Une étude très médiatisée a fait la une des journaux en 2023, affirmant que le système scientifique et d’innovation produit de moins en moins de connaissances totalement nouvelles. Des chercheurs de l'Université de Bâle réfutent désormais cette affirmation, du moins en ce qui concerne les brevets :elle repose sur une erreur de mesure.
La découverte de l’ARNm dans les années 1960 a été révolutionnaire. Soudain, des découvertes complètement nouvelles ont marqué le début de nouveaux développements. Ce type de découverte est qualifié de « perturbateur ». En revanche, les résultats de la recherche se « consolident » lorsqu’ils s’appuient sur les connaissances existantes. Ils sont également importants, comme le montre l’exemple des vaccins à ARNm qui ont contribué à surmonter la pandémie de COVID-19, mais ils n’auraient pas existé sans le travail de base préalable sur l’ARNm.
Les deux types de découverte sont donc nécessaires :perturbatrice et consolidatrice. Cependant, une étude publiée dans la revue Nature en 2023 affirme que cette relation est désormais déséquilibrée, ce qui signifie que le système d'innovation scientifique produit de moins en moins de découvertes révolutionnaires.
Pour la Nature Dans cette étude, des chercheurs américains ont analysé des millions de publications scientifiques des années 1945-2010 et des brevets des années 1976-2010 à l’aide de l’index CD. Cet indice attribue des valeurs comprises entre 1 (totalement perturbateur) et -1 (totalement consolidant). La notation est basée sur la mesure dans laquelle un travail scientifique ou un brevet donné est cité avec d'autres travaux antérieurs.
Pour un brevet, cela signifie ce qui suit :si les brevets ultérieurs citent uniquement ce brevet (appelons-le brevet C), mais pas les brevets antérieurs au brevet C, le brevet C est classé comme perturbateur et représente le début d'un flux de citations, pour ainsi dire. .
En revanche, le brevet C en question fait partie de la catégorie « consolidante » si les brevets ultérieurs (D, E, F) citent également des brevets antérieurs (A, B), ce qui signifie que le brevet C n'est pas entièrement nouveau.

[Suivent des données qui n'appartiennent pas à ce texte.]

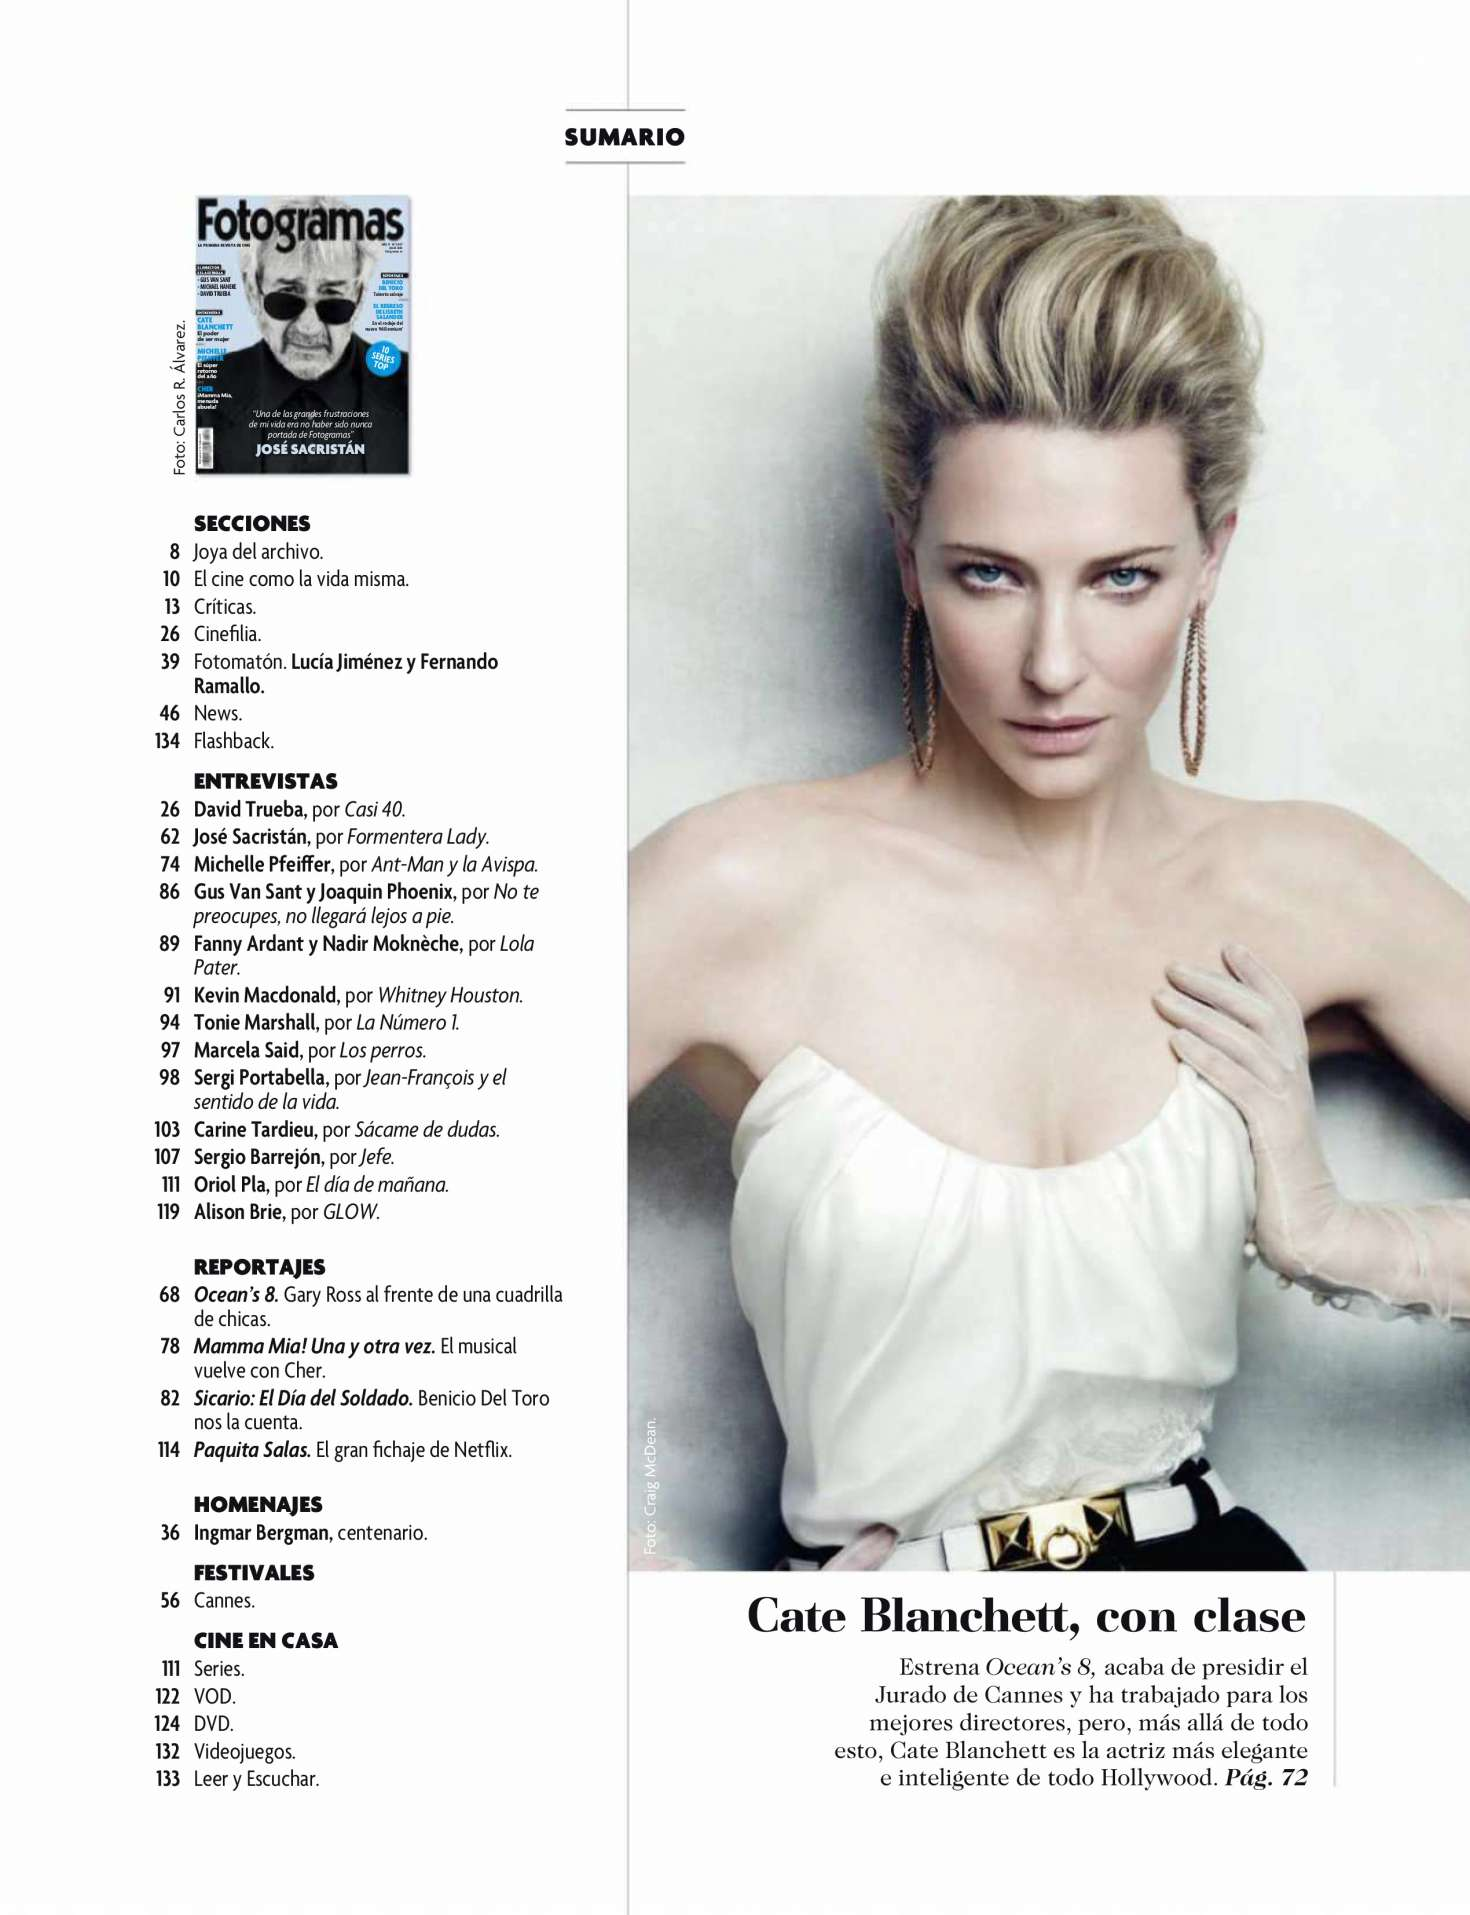 Cate Blanchett 2018 : Cate Blanchett: Fotogramas 2018 -01

En concluant que la recherche disruptive a fortement diminué, la revue Nature Cette étude remettait en question la capacité d’innovation de l’ensemble du système scientifique. Deux chercheurs de l'Université de Bâle, le Dr Christian Rutzer du Centre d'économie et de commerce international (CIEB) et le professeur d'économie Rolf Weder, étaient sceptiques dès le début et lorsqu'ils ont vérifié les calculs, ils ont constaté de graves erreurs de mesure.
En collaboration avec le professeur Jeffrey Macher (Université de Georgetown), professeur invité à la Faculté de commerce et d'économie au printemps 2023, ils ont commencé leur propre analyse des brevets. Leurs résultats ont été récemment publiés dans la revue Research Policy .
L'erreur de mesure dans la Nature L'étude découle de l'exclusion des citations de brevets publiés avant 1976. "Cette contrainte de temps a un impact important sur les résultats", déclare le Dr Rutzer. "La plupart des brevets du début des années 1980 citent des brevets publiés avant 1976. Si vous supprimez ces citations, beaucoup de ces brevets deviennent perturbateurs, non pas parce qu'ils le sont, mais parce que de nombreuses citations de brevets antérieurs ne sont pas prises en compte."
Plus tard, dans les années 1990, les brevets citent de moins en moins fréquemment des brevets antérieurs à 1976, ce qui signifie que le nombre de brevets classés à tort comme perturbateurs a également diminué. A partir de 2005, l'erreur de mesure tend vers zéro.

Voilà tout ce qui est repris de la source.